The MOE environmental officer dispatched by Bye, John Earl, spoke first to David Patterson (the Assistant Director of Health Protection at BGOSHU), who expressed his growing suspicion that Walkerton PUC water was the source of the contamination; Patterson asked Earl to obtain further information and records from Stan Koebel, the PUC manager. Koebel, in his verbal interview with Earl, failed again to provide information about adverse water testing results and other potentially crucial system information; he informed Earl that Well 7 has had a new chlorinator installed, for example, but omitted mention that this had been after the well had pumped unchlorinated water into the system for days. Earl requested and was given documentation regarding well testing, water distribution maps, and pumping history for the wells. Included in this documentation were records of the May 17 adverse testing results of May 15 samples from the "Highway 9" water main construction; excluded was pumping history for Well 7. Earl returned to the MOE with these documents and reviewed them, noting the May 17 testing results, but notified no one else of these results.

After Earl left the PUC, Stan Koebel contacted his brother Frank to ask him to "clean up" the pumping log for Well 7. Stan Koebel hoped to have a new document to present to Earl the next day that would not reflect that Well 7 had been unattended to and unchlorinated. Frank Koebel complied with this request. He destroyed the previous version of the document and created a new one with fictitious data: the new document showed Well 7 as not having operated on the days it had actually been pumping unchlorinated water into the system, and contained chlorine residual records for Well 7 which were entirely fictitious. Frank Koebel later testified that he had falsified this document "so it would look better to the MOE".
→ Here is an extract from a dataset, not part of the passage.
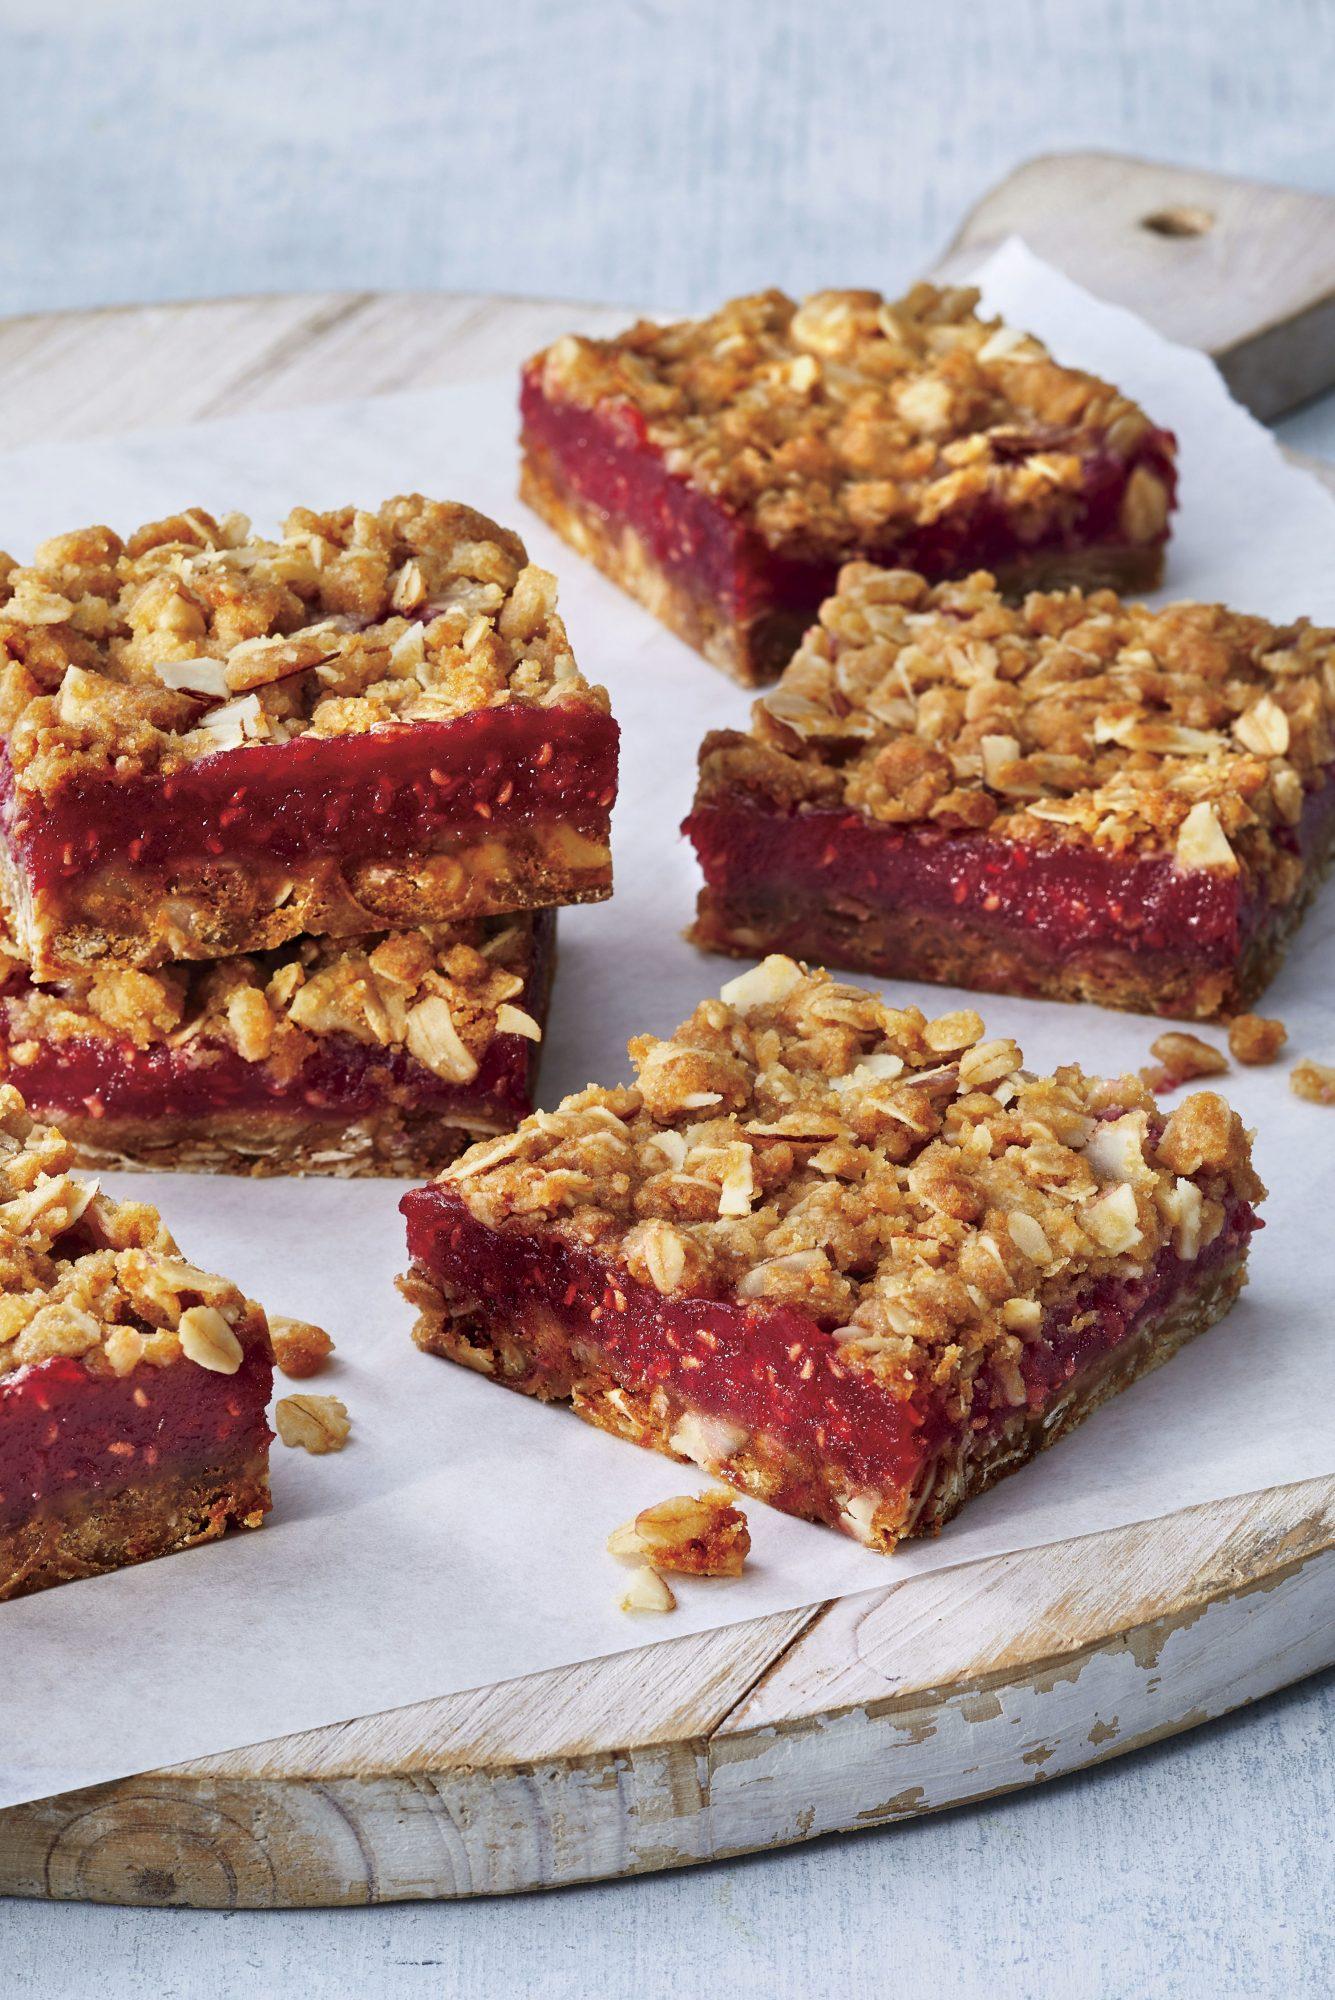 Raspberry-Almond Crumble Bars

While the Ministry of the Environment investigated the outbreak from the procedural end, public health officials swung into a medical investigation. Early epidemiological investigation had demonstrated fairly strongly that infection risk seemed to correlate to physical presence in Walkerton—even for patients visiting other area hospitals, investigators typically found that the patient lived in or had visited Walkerton during the period of their infection— and investigators now began making telephone calls to patients, gathering information about onset of symptoms, possible methods of exposure, and the patients' personal demographic information.

A compilation of data from this secondary investigation demonstrated that most patients had an onset of symptoms within a fairly narrow window of time, with the highest rate of onset occurring on May 17. Taking into account the incubation period of E. coli infection, the medical team determined that most patients had been exposed to the pathogen between May 12 and May 14. Investigators had less luck trying to pinpoint a physical source of the infection; when affected patients' residences were mapped, their distribution across a map of Walkerton showed no immediately apparent pattern, with affected populations present in all areas served by Walkerton's water system.

By that evening, public health investigators had concluded based on patient interviews and demographic mapping that the water system was the most likely vehicle of infection, despite their not being aware of the corroborating documents that John Earl had collected. They began notifying branch offices of the BGOSHU of the outbreak and its cause.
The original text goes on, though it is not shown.